Nathaniel F. Williams (March 14, 1782 – September 10, 1864) was an American businessman and politician.

Early life 

Nathaniel F. Williams was born March 14, 1782, in Roxbury, Massachusetts. He was the son of Joseph (born 1738) and Susannah (May) Williams. His grandfather, Colonel Joseph Williams (17081798), fought in the French and Indian War in 1755. Before 1799, his brother Benjamin moved from Roxbury to 126 Lombard in Baltimore becoming wealthy in the shipping industry. Benjamin's Daughter Susan May Williams, became well known for her relation to Napoleon through her marriage to Jérôme Napoléon Bonaparte.

He graduated from Harvard College in 1801. Serving as a lawyer in Boston and Annapolis. He married Caroline Barney, daughter of Anne and Commodore Joshua Barney in 1809. With his brothers, Amos, George and Cumberland, he founded the Savage Mill on land next to the Commodore Joshua Barney House in Maryland.

During this time he also served as an attorney for the Maryland Senate, Western Shore from 1811 to 1816. He served as a private, Baltimore Fencibles, War of 1812, becoming wounded at the Battle of North Point in 1814. He was considered dead after being shot on the battlefield in his hip.

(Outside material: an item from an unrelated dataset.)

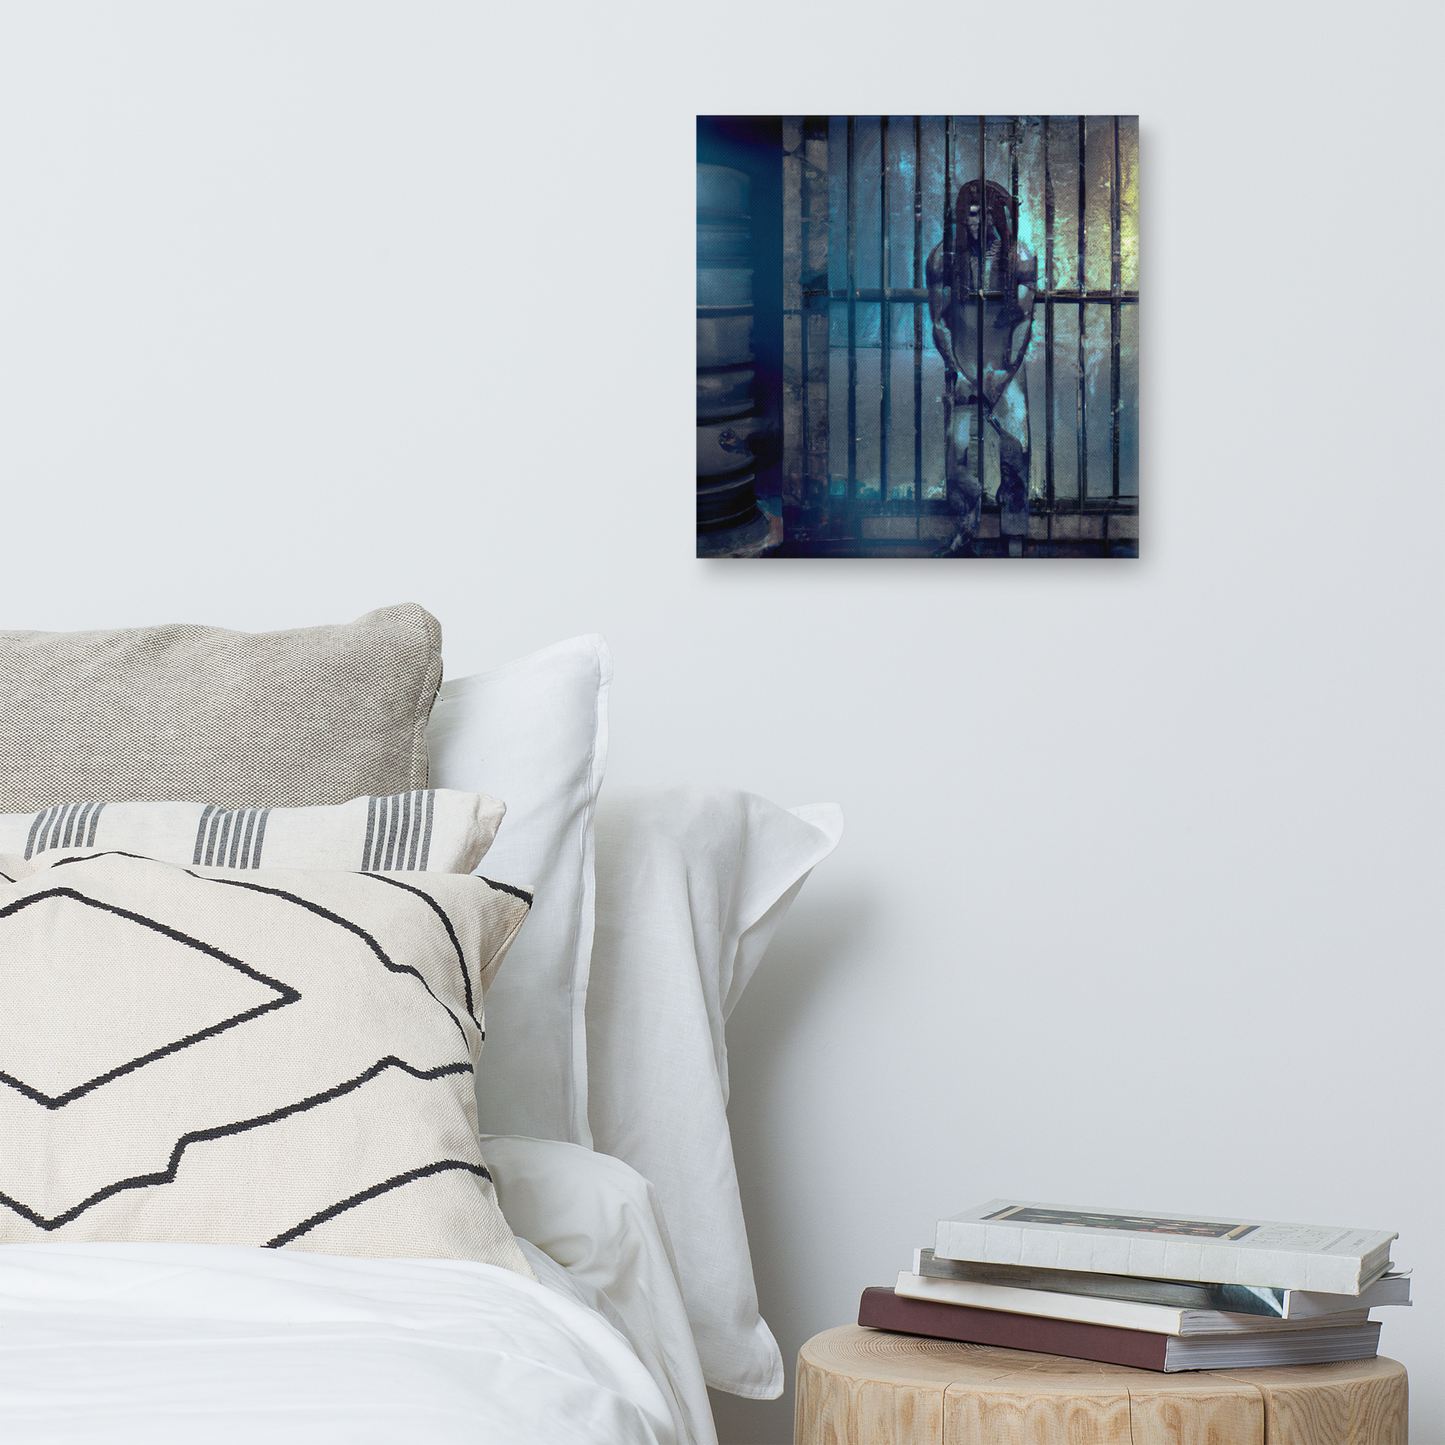 SOULED OUT "Cages 1" Canvas

He was treated by Dr. Owens of the 5th regiment for two days, then sent home on a wagon cart. Nathaniel's brothers Cumberland Dugan, and George Williams were also on the roster of the Fencibles.

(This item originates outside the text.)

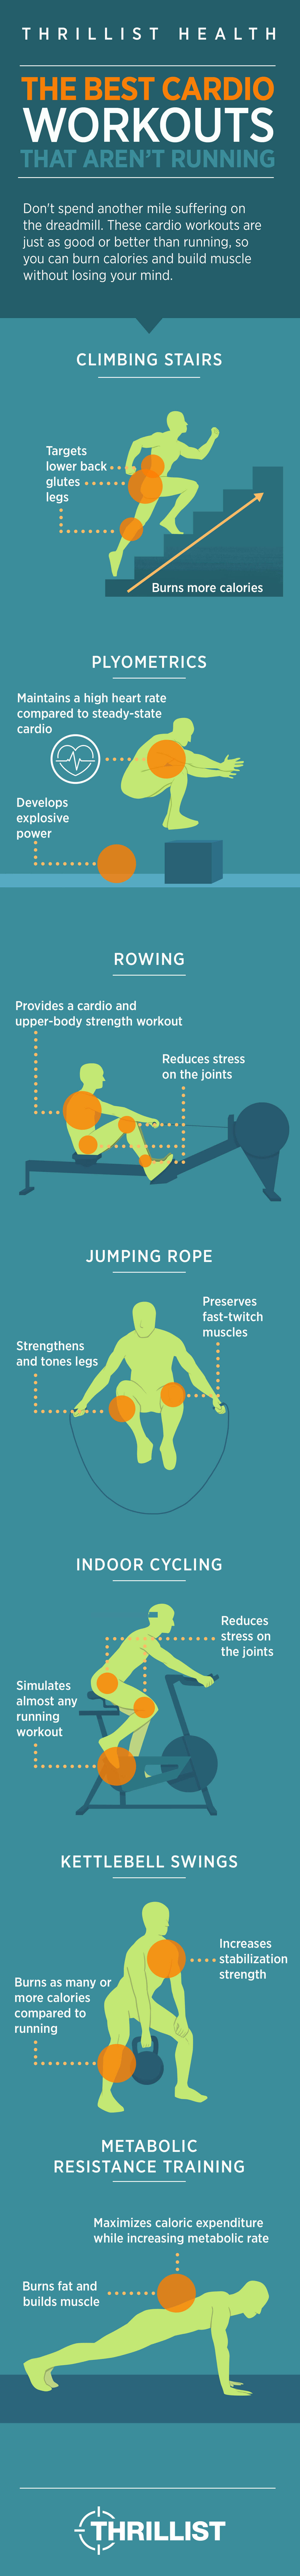 cardio workout infographic pin

When Luther Martin became ill, Williams became Acting Attorney General of Maryland serving from 1820 to 1822. Williams married Maria Pickett Dalrymple in 1829. He was the District of Maryland United States Attorney from 1824 to 1841 and served on the Executive Council from 1835 to 1837. He represented Baltimore City in the Maryland Senate in 1853. He was also a trustee, University of Maryland in 1826. Williams died on September 10, 1864.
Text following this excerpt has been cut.